In a statement released to local media, officials in Ontario said that 720 benefits forms, which included details such as social security numbers, were mailed to the wrong recipients. The error, they claimed, was due to an IBM-built interface that pulled data from the province’s Social Assistance Management System (SAMS).
Amber Anderson, a spokesperson at the Social Services ministry, told the Toronto Star newspaper that the error was “not an issue with SAMS data or its functionality” but was caused by the interface “pulling old data from SAMS instead of up-to-date information”. Opposition politicians said the error jeopardised the benefits and tax rebates of hundreds of families.
This was not the first problem encountered by SAMS, which is based on IBM’s off-the-shelf Cúram platform and took four years to develop. In November the system distributed overpayments worth C$20 million to 17,000 people, in what officials termed a “glitch”. Social Services minister Helena Jaczek subsequently announced that external consultants would be brought in to assess the implementation of SAMS.
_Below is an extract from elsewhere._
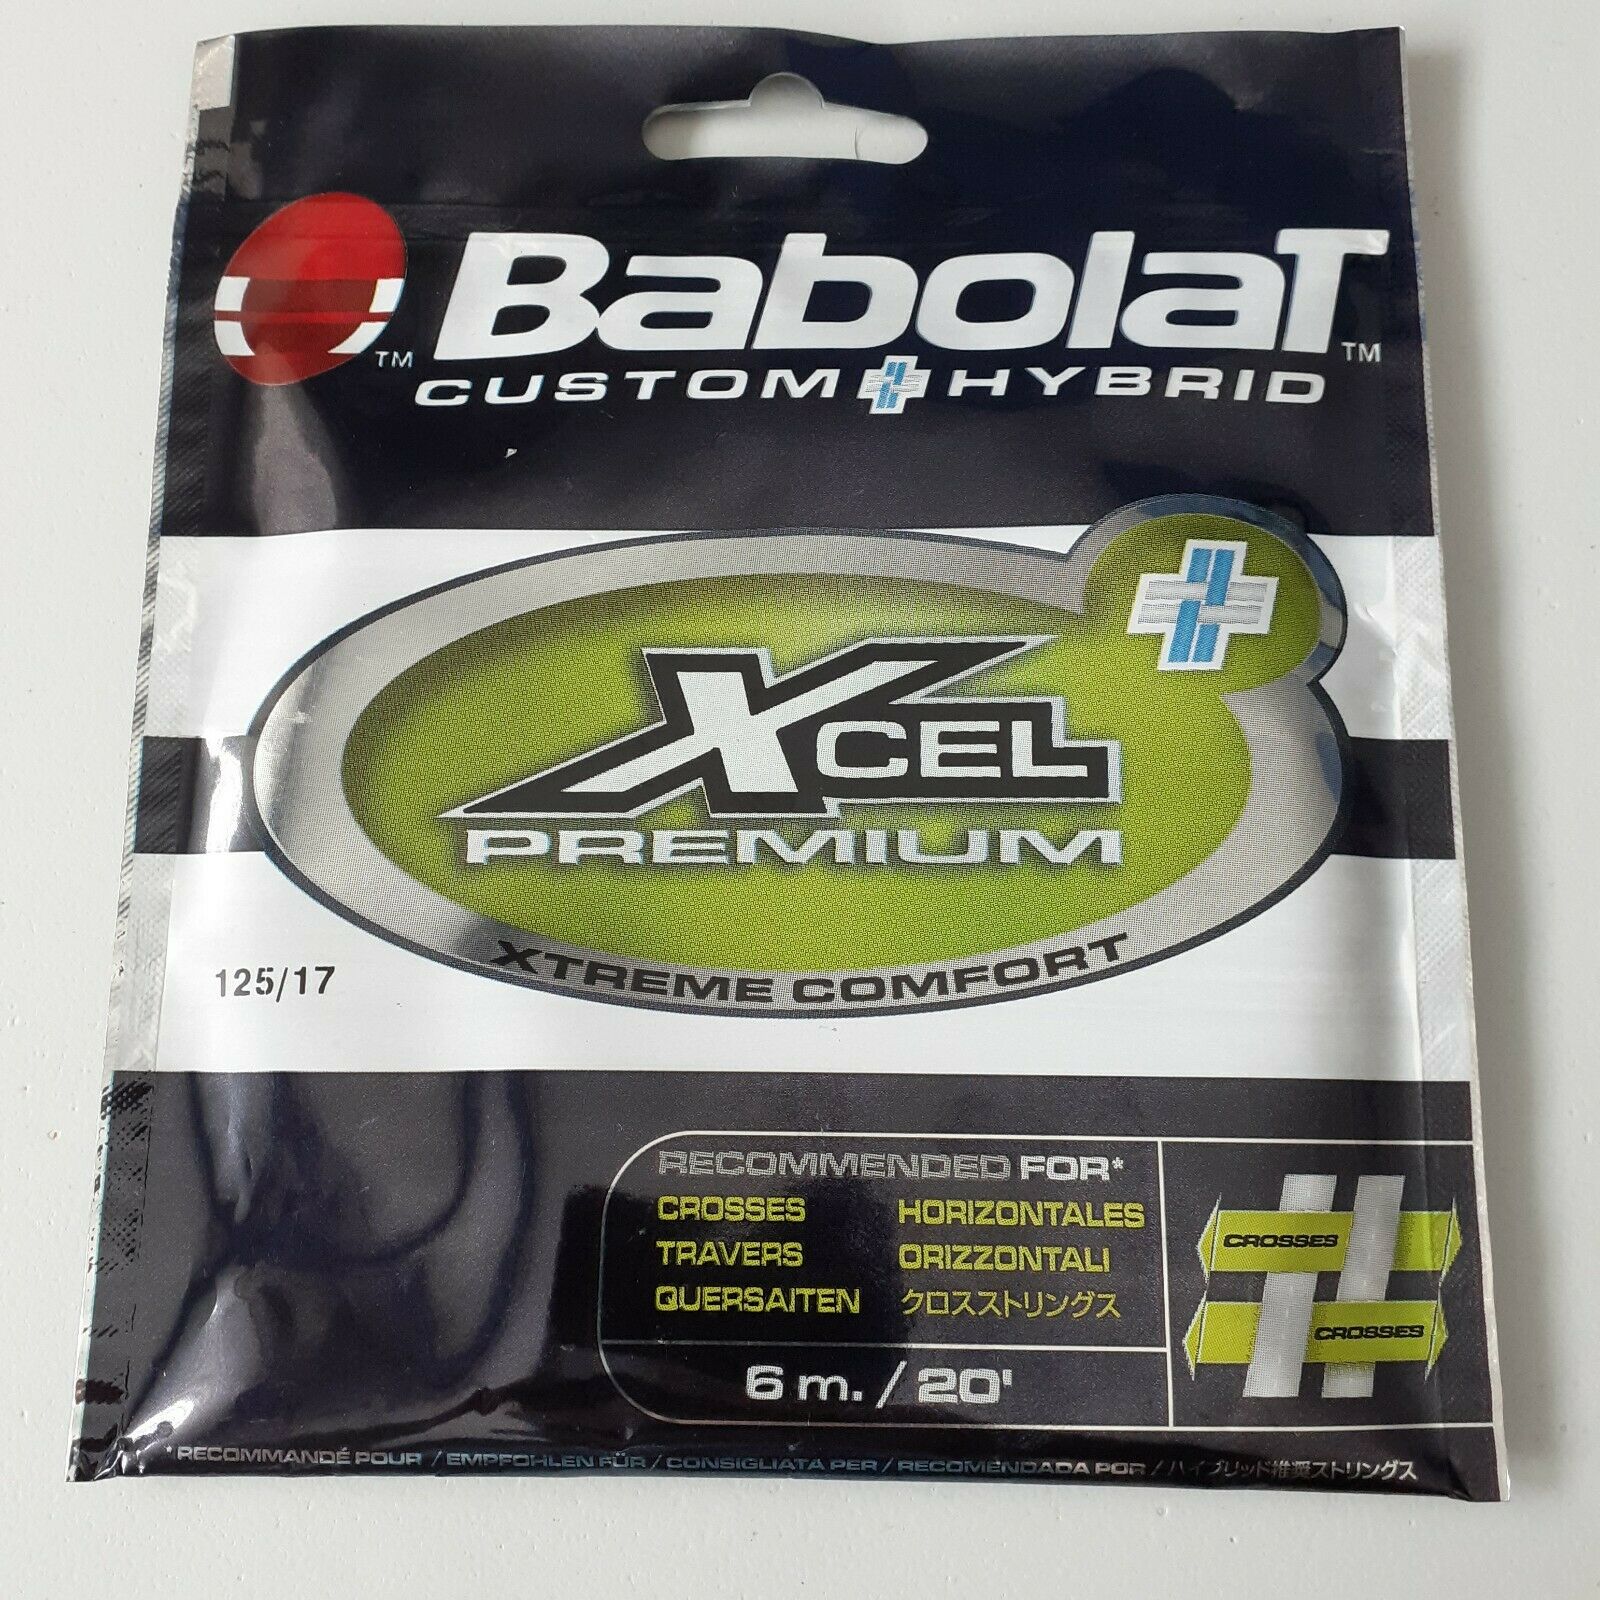 Babolat (custom Hybrid) Xcel Premium 6m/20' String Recommended For Crosses -

This did little to appease her critics, who argued that SAMS was rolled out before it had been adequately tested. Warren “Smokey” Thomas, the president of the Ontario Public Service Employees Union, said that Jaczek had “ignored” the advice of frontline employees who said the system was unfit for operation at launch. Thousands of unionised public officials are now receiving overtime payments to overcome its alleged deficiencies.
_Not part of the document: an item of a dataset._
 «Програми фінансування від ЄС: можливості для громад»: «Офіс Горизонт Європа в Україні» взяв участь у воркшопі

“I find it odd and misguided that they’re bringing in a private-sector third party to clean up a mess created by outsourcing the job to IBM in the first place,” Thomas said. “In fact I would go one step further and file a lawsuit against IBM for its gross incompetence in developing the SAMS program.” The union described the system problems as a “meltdown”.
It should be noted that SAMS’ predecessor also had teething problems. The Toronto Star reported that the previous Accenture-built SDMT system encountered major cost overruns and attracted criticism in 2002 for making over- and under-payments. The paper quoted John Stapleton, Innovations Fellow at the Metcalf Foundation and a former social assistance specialist with the Ontario government, who said that software development processes themselves were out of kilter with the needs of the ministry.
“If you’re a code jockey and you’re trying to write code for a new system, you need a yes or no answer,” Stapleton said. “But that’s not the way welfare works. Welfare is a whole web of discretionary decision making that no code jockey is ever going to be able to deal with.”